Plastic Windows

Summary: Plastic (PVCu) has dominated the new build and replacement window markets since the 1990s as a ‘fit and forget’ solution. Wrongly perceived as the environmentally unfriendly option, manufacturers are working hard to improve their reputation by using recycled plastic.

Pros: It’s the cheapest overall option, though costs do vary enormously with quality. Most appealingly, it doesn’t require maintenance.

Cons: PVCu can look cheap and reduce the value of period homes. It cannot be repaired easily, and doors can be a weak point.

Cost: £5,000-£15,000 for a one-off house.

Contacts: Everest (0800 008 7094), Frame Force (01827 260880), Internorm (020 8205 9991) and Swish (0808 178 3040)

Find a glazing specialist

Softwood Windows

Summary: Popular amongst those wanting timber on a limited budget. The wood can be stained but is usually painted. Douglas fir is a very stable, durable softwood.

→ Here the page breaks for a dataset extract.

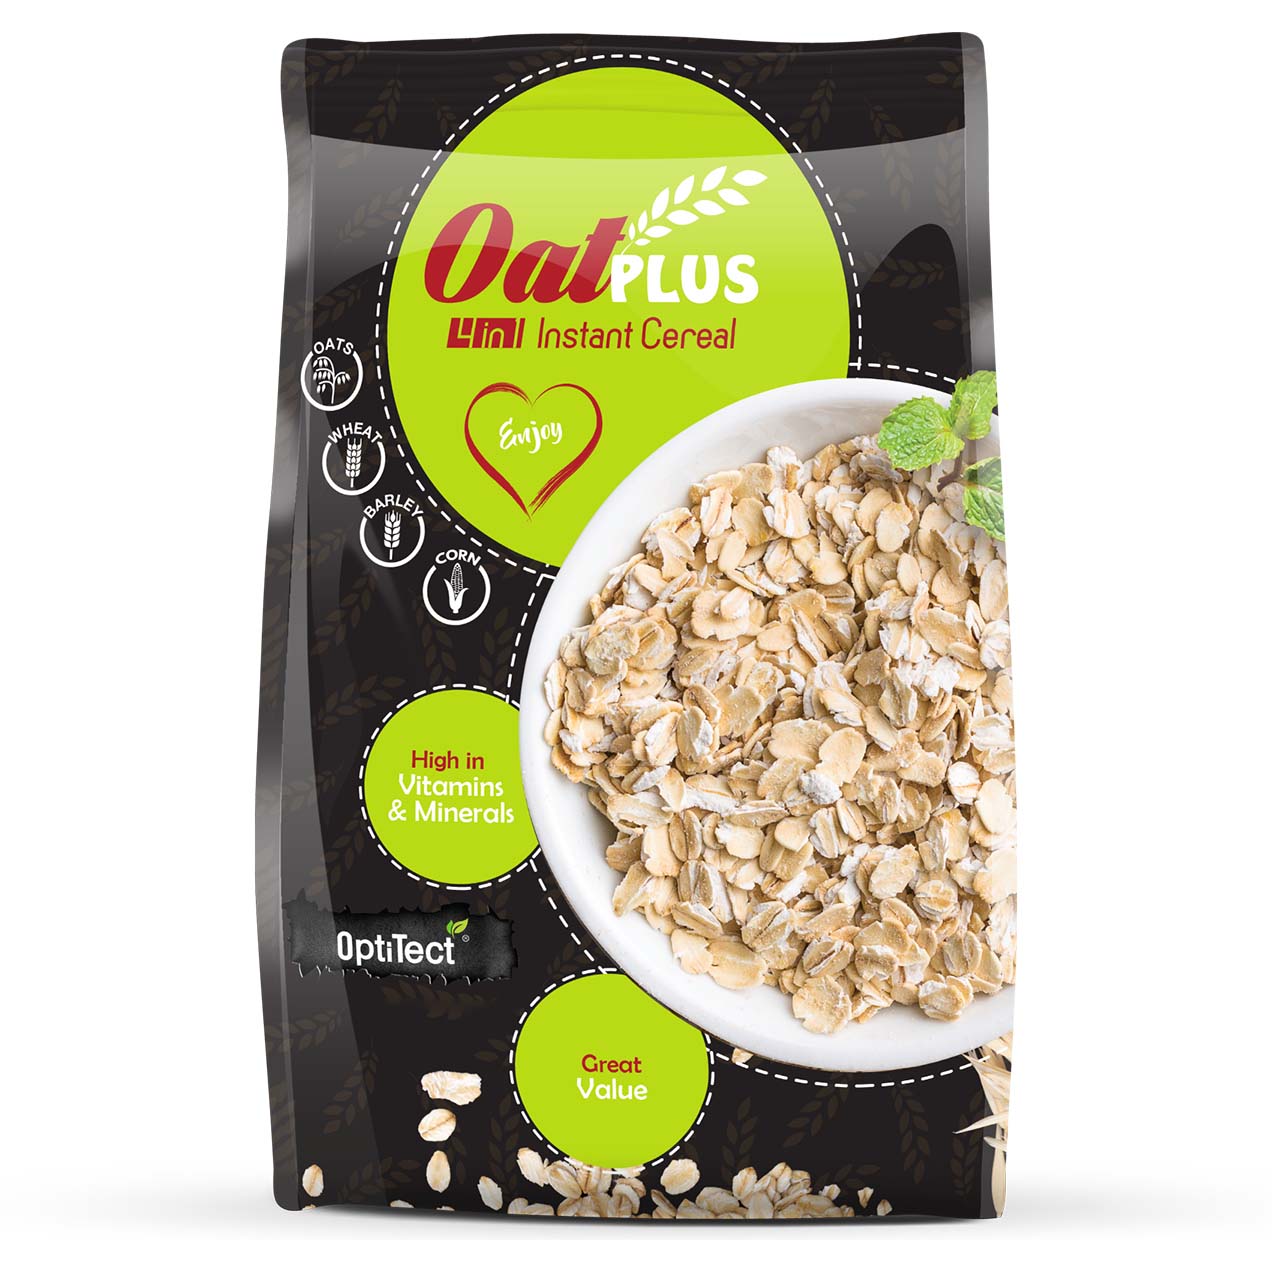 Optitect Oat Plus 4 in 1 Instant Cereal 20 Sachets

Pros: Looks good on both contemporary and period-style homes, and is the cheapest option if glazed and decorated on site.

Cons: On-site glazing carries a risk of double-glazing failure (i.e. misted units). Factory glazing lowers the risk but costs more. Softwood requires repainting every few years.

Cost: £6,000-£15,000, less if ‘DIYed’ on site.

Contacts: Howarth (0113 240 7198), Jeld-Wen (0845 122 2890), Mumford & Wood (01621 818155) and Scotts of Thrapston (01832 732366)

Timber Windows from Totali

totali timber windows

Timber window frames are a durable, low maintenance choice for contemporary and period properties, providing a timeless look for your home. The performance gap between man-made products and wood has closed in recent years due to manufacturing developments, including the use of new materials and finishes. Timber now offers a competitive, stylish and effective alternative to uPVC. A long term investment, timber windows also boast eco-friendly credentials and thermal efficiency due to being a naturally insulating material. For many; the most pleasing thing is the way wooden windows look and having the option to paint them in any colour.

Hardwood Windows

Summary: Hardwoods are slower growing and have a tighter grain than softwoods, making them more stable and durable. The wood can be treated to be further stabilised. Oak is the most popular and is often used on traditional-style homes. It is usually stained.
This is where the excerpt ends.